Ее неканоническое пение бесило и певчих, которые по большей части были слуховики, нотной грамоты не знали и хотели скорее выжить непрошеную солистку, потому что страстный голос ее перекрывал их благочестивое блеянье. Несмотря на внушение, сделанное батюшкой, новая певчая забывалась и во время праздничных церковных песнопений не могла укротить в себе ни торжествующих трельных переливов, ни брутальных, не подобающих месту голосовых раскатов.
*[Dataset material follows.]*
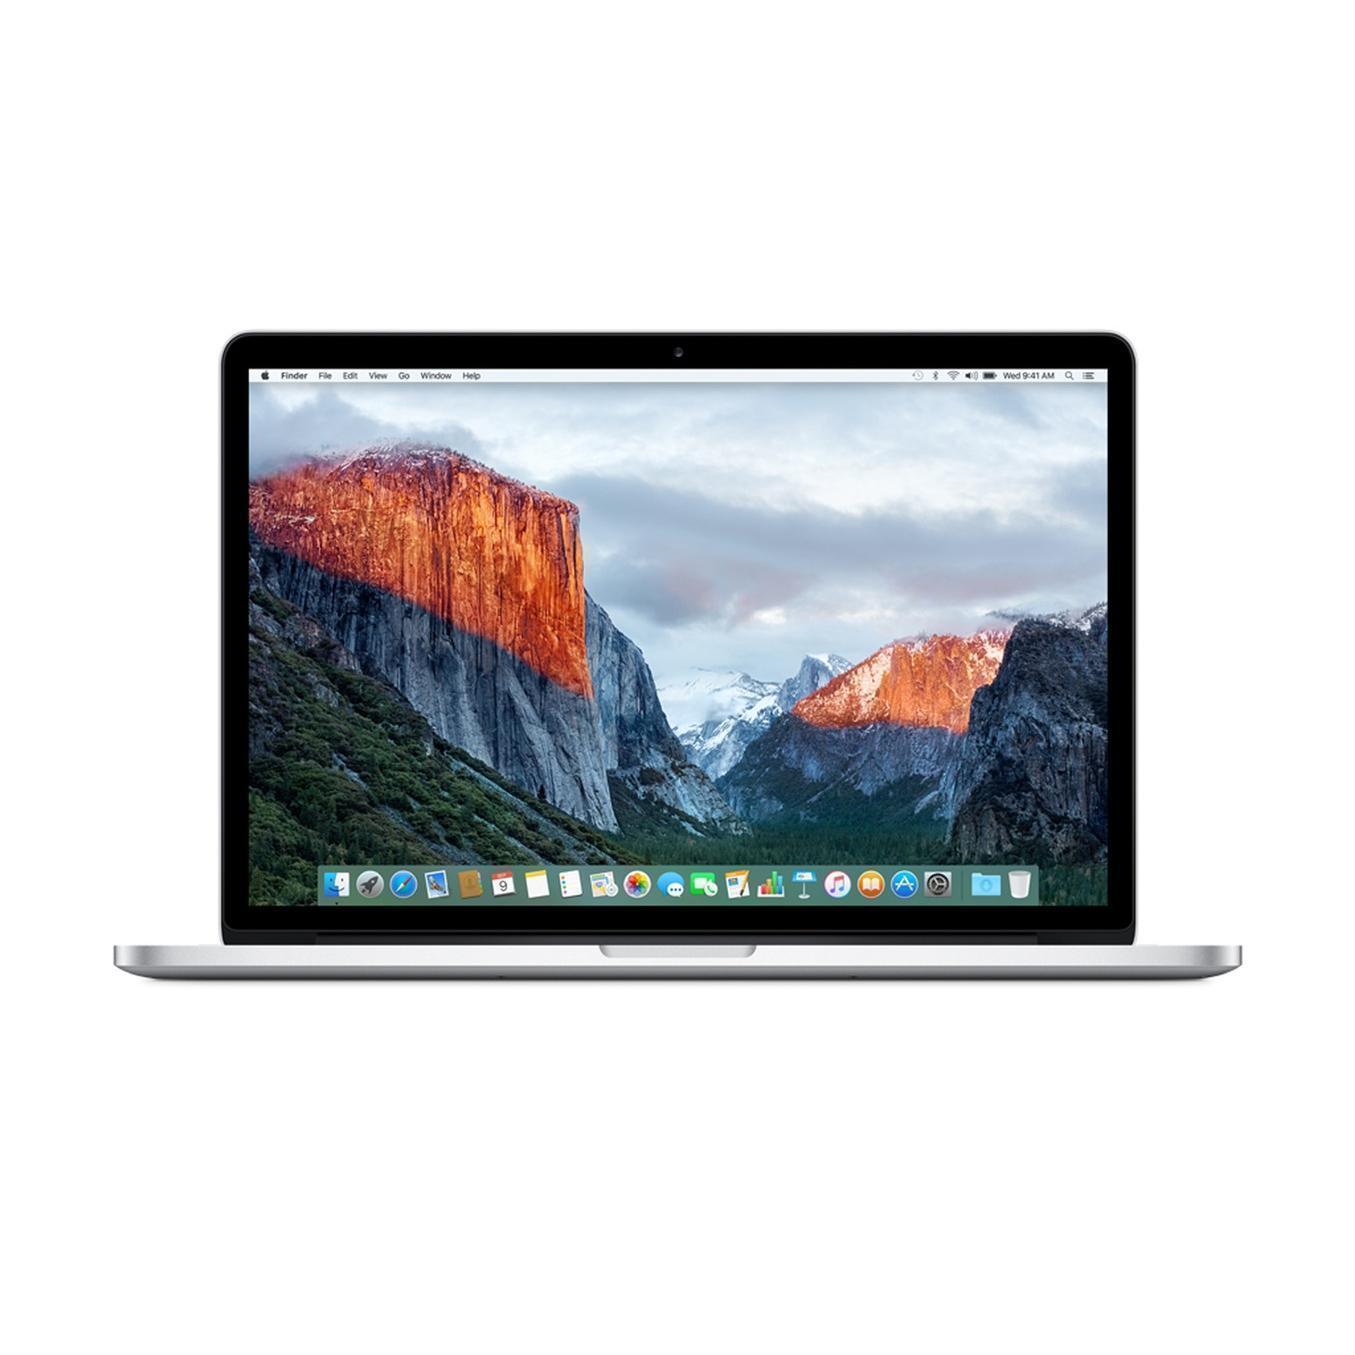 MacBook Pro Retina 15,4-tum (2012) - Core i7 - 16GB - SSD 500 GB QWERTZ - Tyska

И когда вся церковь пела «Хвалите Господа с небес», Роза вступала с таким чувством и так недолжно громко, что в паникадиле взрывались электрические лампочки. Контральто ее, обогащенное гулом храмового эха, звучало настолько сочно и радостно, что и молящиеся заражались неуместным оптимизмом. Мужчины вспоминали, что они мужчины, а кротко согнувшиеся женщины, словно разделяя безудержный этот громогласный восторг, вскидывали головы и глядели ввысь, в барабан храма, где на своде лик Спасителя взирал на них не ярыми, как было привычно, круглыми очами, а источал вниз из широко открытых просветленных зениц горнюю нежность всепрощения.
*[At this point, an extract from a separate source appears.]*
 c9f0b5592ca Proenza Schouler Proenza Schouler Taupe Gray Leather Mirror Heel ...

Но две старухи-прихожанки, в прошлом ортодоксально партийные, а когда упразднили КПСС, с тем же пылом обратившиеся в христианскую веру, возмущались, ибо такое непотребство нарушало благолепие обряда и отвлекало от службы. Поэтому Роза скоро была отлучена от церковного хора, и спевки и трапезы в доме причта проходили уже без нее.
А потом грянуло вот что.
Когда по телевизору шли иностранные фильмы, она с трудом врубалась, кто же от эпизода к эпизоду появляется на экране. Вот герой объяснился с девушкой и получил положительный ответ, и в сцене любви они долго задыхаются от счастья. А через минуту он же тащит свою возлюбленную в автомобиль, и вне всякой логики та кричит ему «Нет!», и он ее душит, хотя только что вроде была полная гармония. Роза даже решила: или у нее самой что-то с головой, или производители «мыльных опер» издеваются над русским потребителем. Дело в том, что все киношные мужчины стали для нее на одно лицо. Вернее, если на экране появлялось лицо, то ей виделось полтора лица. Она это заметила, когда выступал известный депутат, правда, в первые секунды злорадствовала, уверенная, что операторы нарочно двоят картинку, намекая на двуличье политика.
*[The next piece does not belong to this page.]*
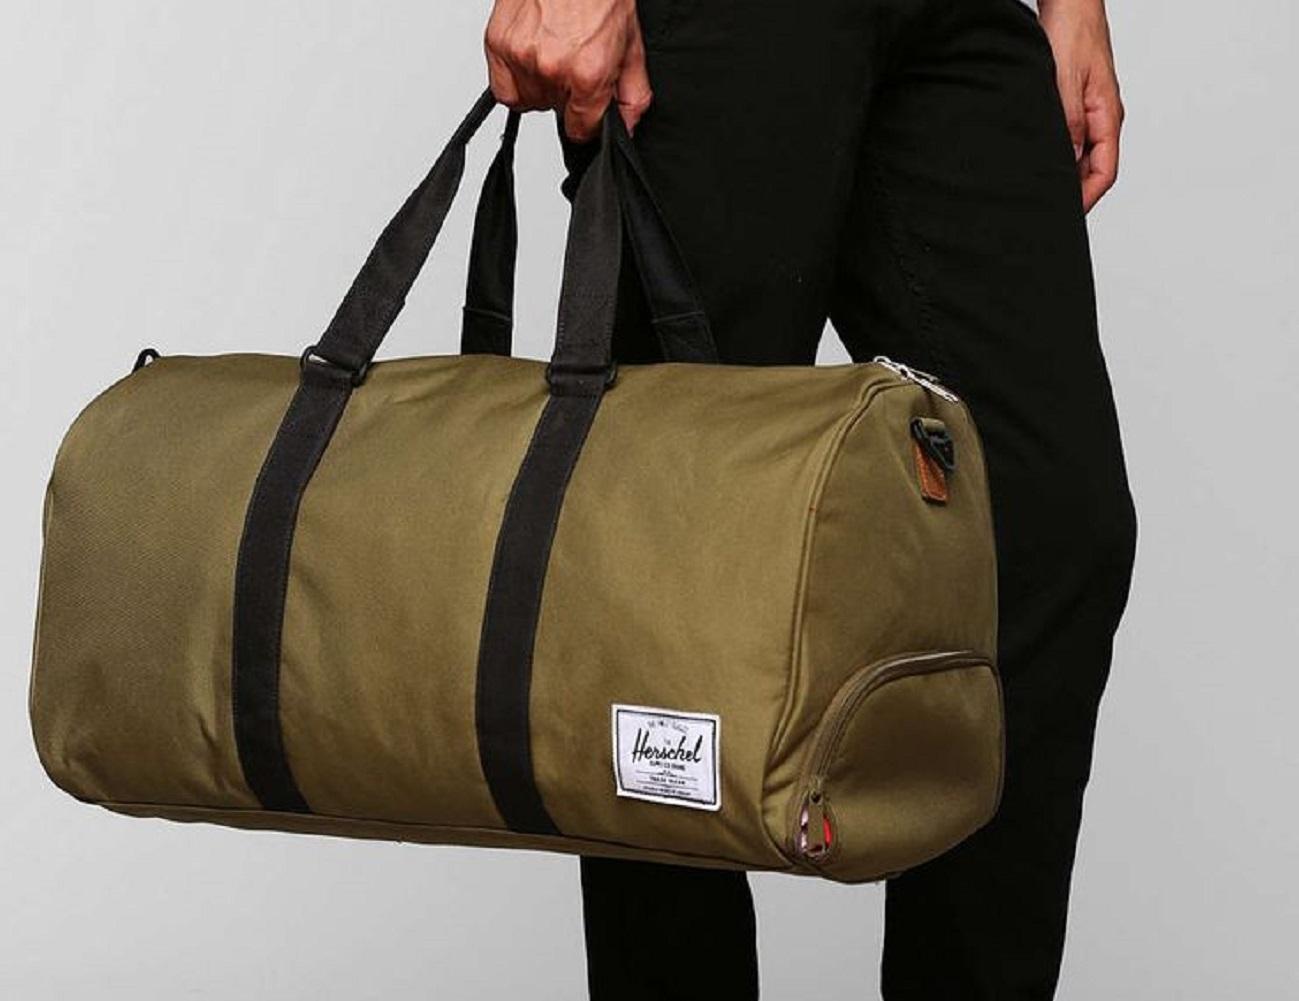 f2fdb50f667d Novel Duffle Bag by Herschel Supply Co. » Gadget Flow

Образы расплывались в ее глазах, причем она не понимала, какое изображение настоящее, а какое мнимое. Знакомые стали неузнаваемы. Кое-кого она вычисляла по характерным трепыханиям одежды, которое всегда сопровождает движение человека, или распознавала по голосу. Если же объект не двигался, она вообще его не замечала.
Жизнь ее изменилась. У Розы, такой дерзкой в прошлом, появилась опасливость. Когда она подходила к метро, то боялась войти, после того как однажды врезалась лбом в алюминиевую стойку стеклянных дверей на «Академической», потому что проход был совсем не там, где ей виделось. Перед глазами ее плавали полупрозрачные гусеницы и запятые, особенно навязчивые при солнечном свете. Ей трудно было на лестнице: спускаясь, она шарила ногой, чтобы отыскать край ступени.
Левитина пришла к районному глазнику, модной молодой женщине, сразу взявшей с ней иронический тон:
— На что жалуетесь?
Роза Михайловна рассказала об ухудшении зрения: темные клочья мешают смотреть и она уже не может прочесть цифры на ценниках в магазине.
— И хорошо, — сказала врач. — И не надо: так у вас только глаза не в порядке, а увидите цены — испортите себе нервную систему.
На таблице Роза не видела толком ни одной строки, вместо кругов были лежащие горизонтально восьмерки.
После соответствующих исследований на вопрос: «Чего же вы хотите?» — она робко прошептала:
— Хочу улучшения или стабилизации хотя бы.
— Это невозможно, — жестко ответствовала врач. — Дистрофия сетчатки. Не лечится.
Но Роза Михайловна решила бороться.
Пока сидела в очереди в поликлинике, прослышала, что есть такой профессор Муталиев, который лечит незрячих и от его силы люди прозревают.
В доме культуры «Серп и молот» доктор этот давал первый урок программы по возвращению зрения. В зале собралось человек шестьсот слепых и слабо видящих, многие пришли, поддерживаемые поводырями. Все расселись, навострив уши. Никогда еще Розе Алексеевне не приходилось встречать такого количества людей в очках.
Муталиев вышел из-за кулис, причем шел он на руках, а его помощник в это время читал послужной список профессора. Член многих академий постоял сколько-то перед публикой на голове, и те, кто еще что-то различал на сцене, бурно захлопали в ладони. Слепцы автоматически присоединились к аплодисментам. Доктор сказал:
— Скоро все пришедшие сюда смогут делать то же самое, что и я. Человек может все, но сначала надо выбросить очки, эти костыли для глаз.
Подробно рассказывал, что долго болел и даже умирал, не успев завести семью, и ему предрекали смерть без потомства, но затем было некое откровение, в результате чего он не только совершенно выздоровел, женился и у него сейчас пятеро детей, но и получил свыше указание врачевать.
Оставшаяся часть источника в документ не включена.